Talks fail in attempt to revive closed Weyerhaeuser sawmill

The Associated Press /

Published Dec 6, 2012 at 04:00AM

DALLAS — A former Weyerhaeuser sawmill in a county that a state economist calls a “poster child” for the decline of the wood products industry is being dismantled, extinguishing faint hopes that somebody would revive it.

Talks with several groups interested in running a mill didn’t result in a deal to reopen the plant closed in 2009 in the Polk County seat, Dallas, the Salem Statesman Journal reported.

“We didn’t get any traction with that, and I guess it’s not a huge surprise,” said Richard Wayper, vice president of marketing with Northwest Demolition and Dismantling.

The company bought the 66-acre site at an August auction for about $1.4 million. It has hired an auctioneer to take bids on equipment until Christmas and expects that by the first quarter of 2013, most of it will be removed.

The company plans to tear down some of the structures but hopes to find commercial or industrial users for structures in better condition.

A decade ago, about 34,000 Oregonians statewide worked in wood products manufacturing plants. That has shrunk by more than 40 percent, to about 19,840.

Pat O’Connor, a state regional economist, said Polk County had 1,500 mill jobs in the 1970s.
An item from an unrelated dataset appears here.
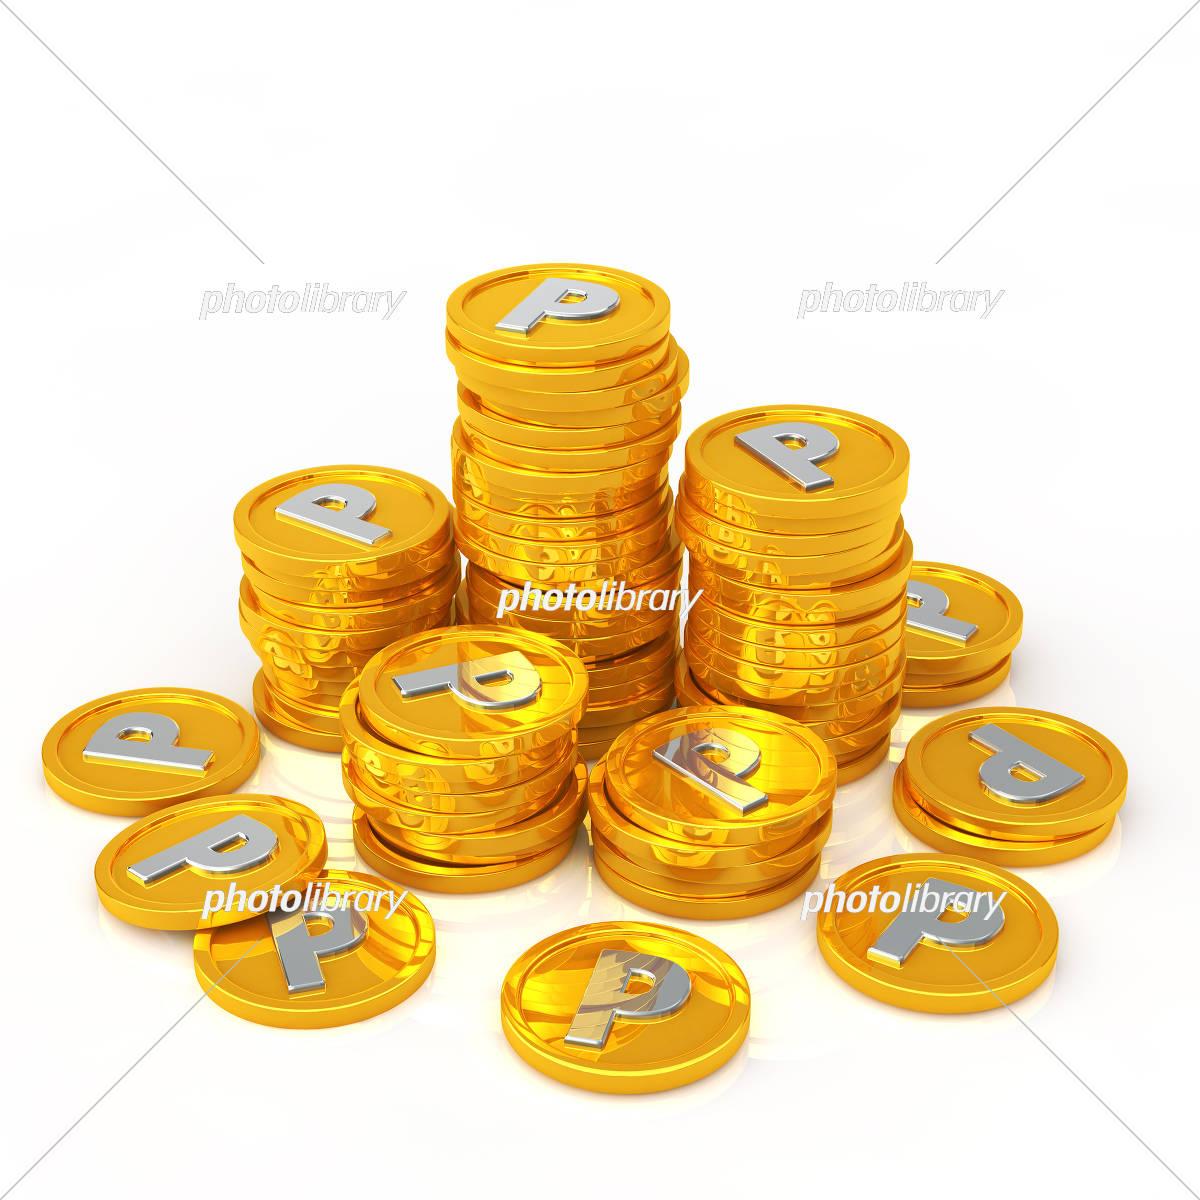 Point coin イラスト素材

That number dropped to 400 by 2001 and is now fewer than 60.

Wages have taken a hit as well, dropping from an inflation-adjusted average of $65,000 a year in the 1970s to about $36,450 now, O’Connor said.

Restrictions to protect endangered species have placed large tracts of federal timber lands off limits to loggers.

O’Connor said factory automation might have played a larger part in job losses than rules to save spotted owls and marbled murrelets.

A mill in Lebanon, for example, now produces the same amount of lumber with 140 fewer workers, he said.

Jim Geisinger, executive vice president of Associated Oregon Loggers in Salem, said blaming job losses on automation is a “red herring.”

“Without the timber supply, we can’t sustain any jobs,” Geisinger said.